The Great Divide: WHS football or WTA school?

WESTFIELD – The year is 2031.
E-sports is flourishing at high schools all throughout the country. Babe Ruth Baseball leagues toil in obscurity as cash-strapped cities and towns balk at providing host venues. Volunteerism continues to hit an all-time low. The Westfield High School football team is a relic, having folded after failing to field a full squad.
This may seem a tad bit outlandish, but with participation numbers in sports at the youth level slowly declining, the current system in place appears to be undercutting one team’s ability to field a traditional squad. More importantly, when it comes to football, some may agree that the rules and bylaws set forth by the Massachusetts Interscholastic Athletic Conference are jeopardizing the program’s longevity and hampering the student-athletes involved.
At the current rate, the Westfield Bombers may not be able to field a Junior Varsity team this fall, something unthinkable decades ago.

The Westfield Bombers roar out of the tunnel to begin the 2016 high school football season. (THE WESTFIELD NEWS FILE PHOTO)

Although Westfield has been producing several championship-caliber teams at the youth level, those same Junior Bombers are forced to make a critical life choice when they reach high-school age – – attend Westfield High or Westfield Technical Academy.
“I have a son who is entering seventh grade and is a very dedicated football player,” Westfield resident Vanessa Golec stated in an e-mail to The Westfield News. Golec’s son has played youth football in the city for the last six seasons.
“For years,” she said, “we have discussed him attending the Technical Academy School here in Westfield but without having the option to play football, he does not want to attend. My son would flourish at the Technical Academy over the high school and because of not being allowed to play football, he would be forced to choose a path that isn’t right for him.”
The Golec family is one of several families that sent e-mail letters to The Westfield News in a plea for the Westfield High and Westfield Technical Academy high schools to entertain a co-operative program, ensuring Bombers football’s existence for years to come.

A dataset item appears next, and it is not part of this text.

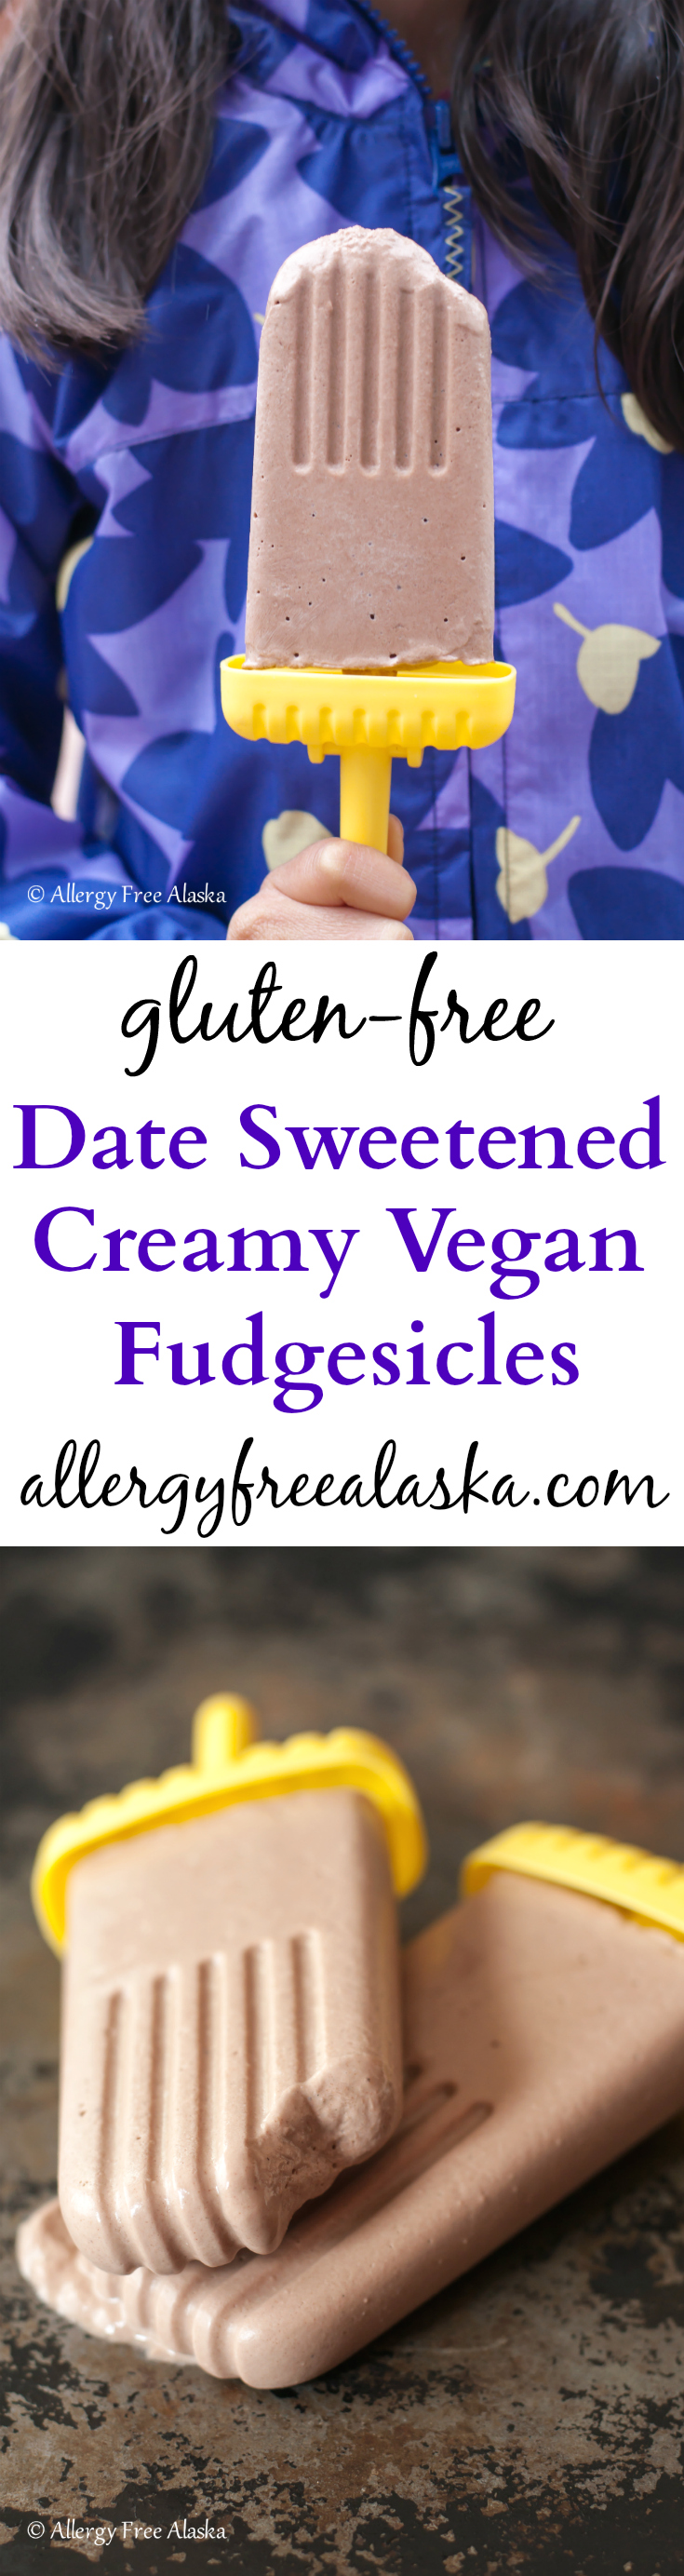 Date Sweetened Creamy Vegan Fudgesicles Recipe - from Allergy Free Alaska

“These players who made it to a national championship level together should be able to stay together,” said Jennifer Tessier Williford said, whose son just opted to attend Westfield Technical Academy over playing high school football.
“(He) built his self-esteem, increased his grades, and physical fitness,” she went on to say. “He then had a choice to make, football or the application to the Vocational school where we knew he would do best and get an education that would push him toward his long-term goals. When he was accepted to the school we were overjoyed, and then saddened. He was saying goodbye to his team, his mentors in the coaches who are moving up into the high school.”

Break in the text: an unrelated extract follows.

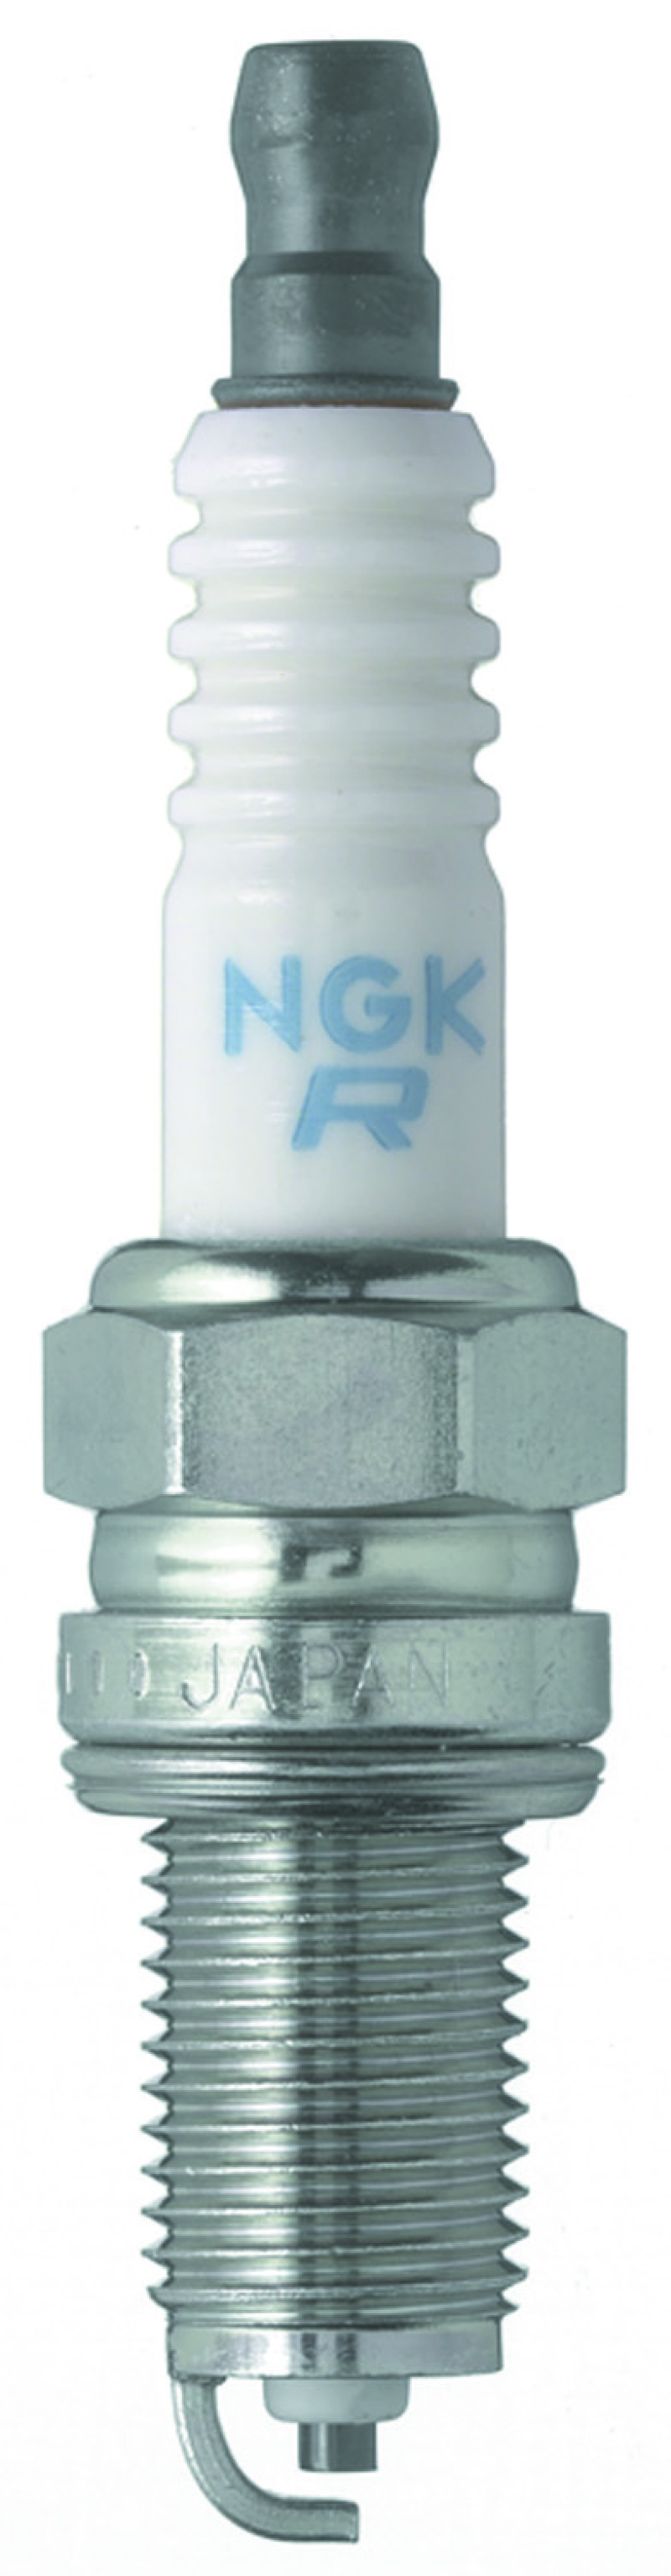 NGK Nickel Spark Plug Box of 10 (DCPR7E-N-10) - 4983

Jovanny Courchesne, a former Junior Bomber, has agonized over whether to attend Westfield Tech or play football for Westfield High. He has been playing since the third grade.
“My love for the sport made it very hard to choose and put some stress on me,” Courchesne said. “I would love to play football while going to the vocational school. I think the vocational school is great for my future but I love the sport and the sport has shaped me to who I am today and it’s very hard to let go of it. I’ve put so much time and effort into the game. …To play football while going to the vocational school would honestly make me very happy and play with my friends again.”

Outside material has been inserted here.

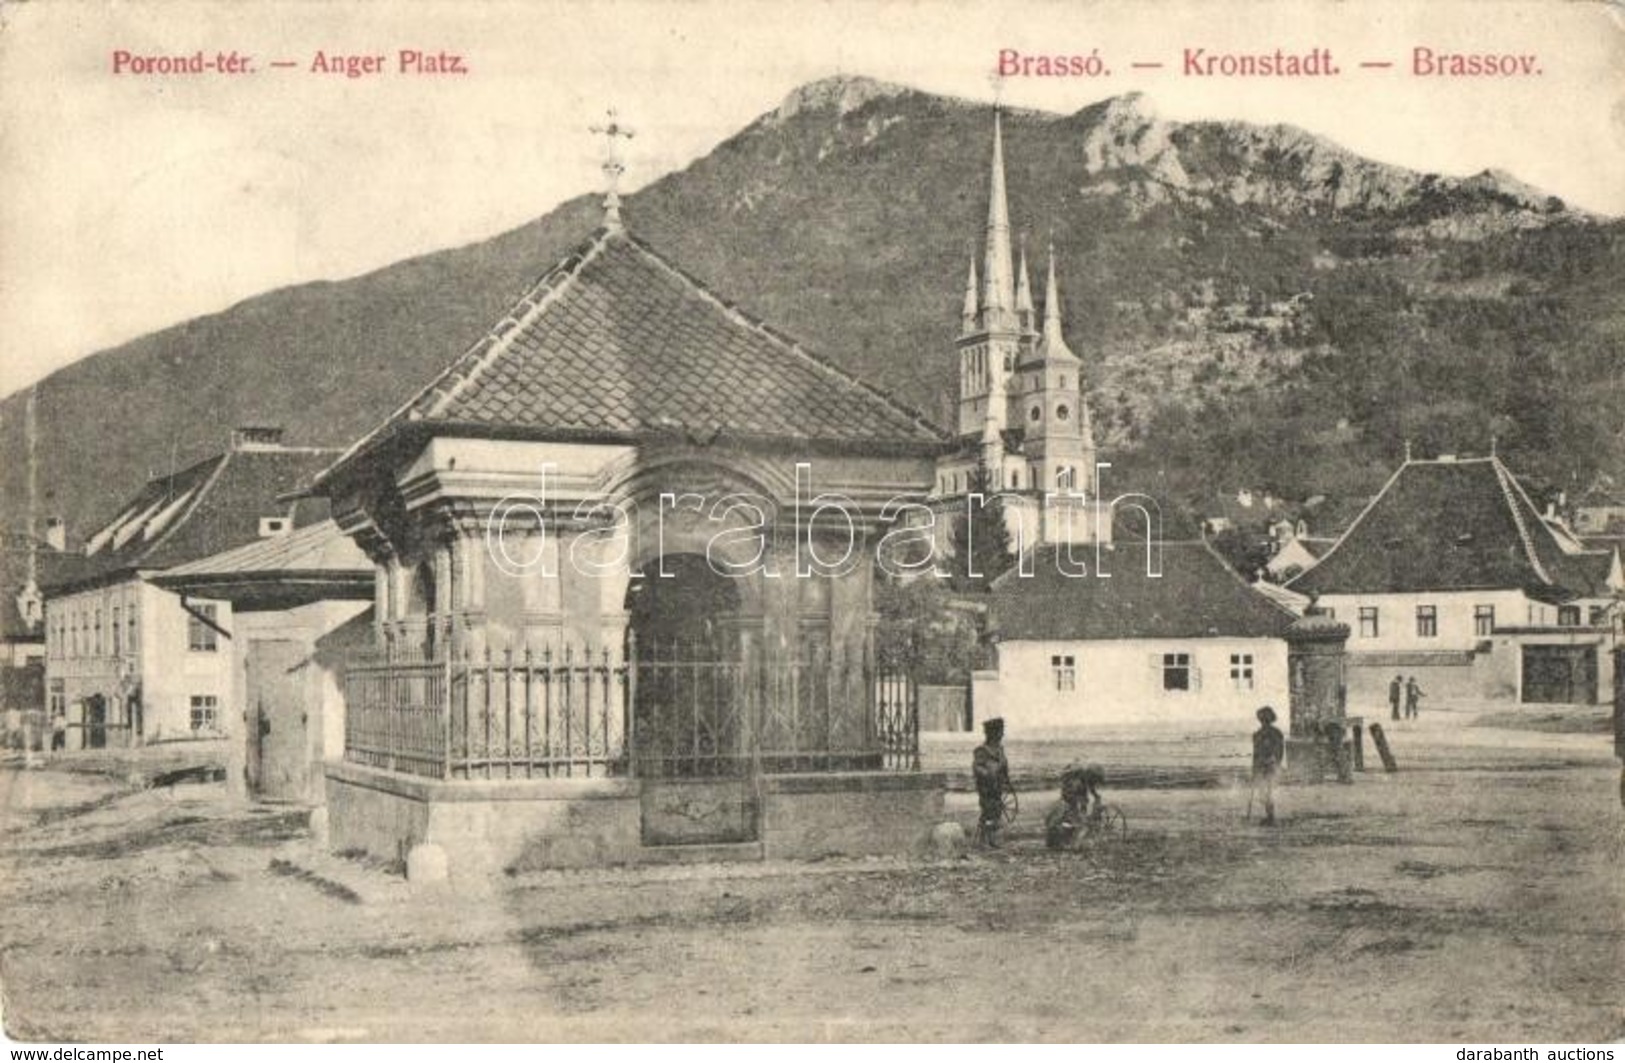 T2 1912 Brassó, Kronstadt, Brasov; Porond Tér, Kápolna / Anger Platz / Square, Chapel - Ohne Zuordnung

There are several partnerships between area schools already in place.
Co-ops currently exist between Westfield and Westfield Tech high schools for wrestling and skiing. St. Mary’s has partnered up with Westfield Tech for lacrosse. Southwick has a co-op program with Westfield Tech for track and field and boys ice hockey. Westfield female student-athletes, along with others from all over Western Mass., play girls ice hockey for Longmeadow.
Although at face value it appears like a no-brainer for Westfield High School to enter into a co-op with Westfield Tech for football, the rules of the state’s governing body, the MIAA, currently prohibits that from happening.
The MIAA bylaw states that the host team must have 30-or-less football players in order to enter into a co-operative program with another school. Also, that proposal must be submitted to the district’s athletic chairperson at least six months prior to the sport’s first practice for that respective season. The co-op program is exclusive to varsity only. Junior Varsity teams are not considered when applying for a co-op collective.
So, at this point it is a moot point.
Westfield Superintendent of Public Schools Stefan Czaporowski said as a former principal of Westfield Tech and now the city’s public schools superintendent he has continuously fought to increase athletics at the school, but acknowledges that a trade is vital for many students entering high school and that the trade school should not be poached for athletes just to satisfy another school low on numbers for football. He also noted that declining school enrollment numbers projected for the foreseeable future is exacerbating this issue.
“We are by no means trying to deny opportunities,” said  Czaporowski. “We need to follow the rules.”
Westfield High School football coach Rob Parent said he does not want to coerce student-athletes at Westfield Tech to attend WHS to play football but believes those players who have already devoted several years to playing at the youth level should be given that opportunity to play for the Bombers.
“I think there needs to a reshaping of the (MIAA bylaws),” Parent said. “Thirty students is barely enough to outfit a varsity team. There needs to be different rules in place to have action take place.”
Parent has been pushing for a co-op team for four years, and even went as far as to say that if someone in Southwick wanted to play for Central, that student-athlete should be allowed to do so.
“Putting obstacles in (a student-athlete’s) way is mind blowing,” Parent said. “At some point it is right to challenge the rule. I think we are at this point. The point is to allow the kids to play.”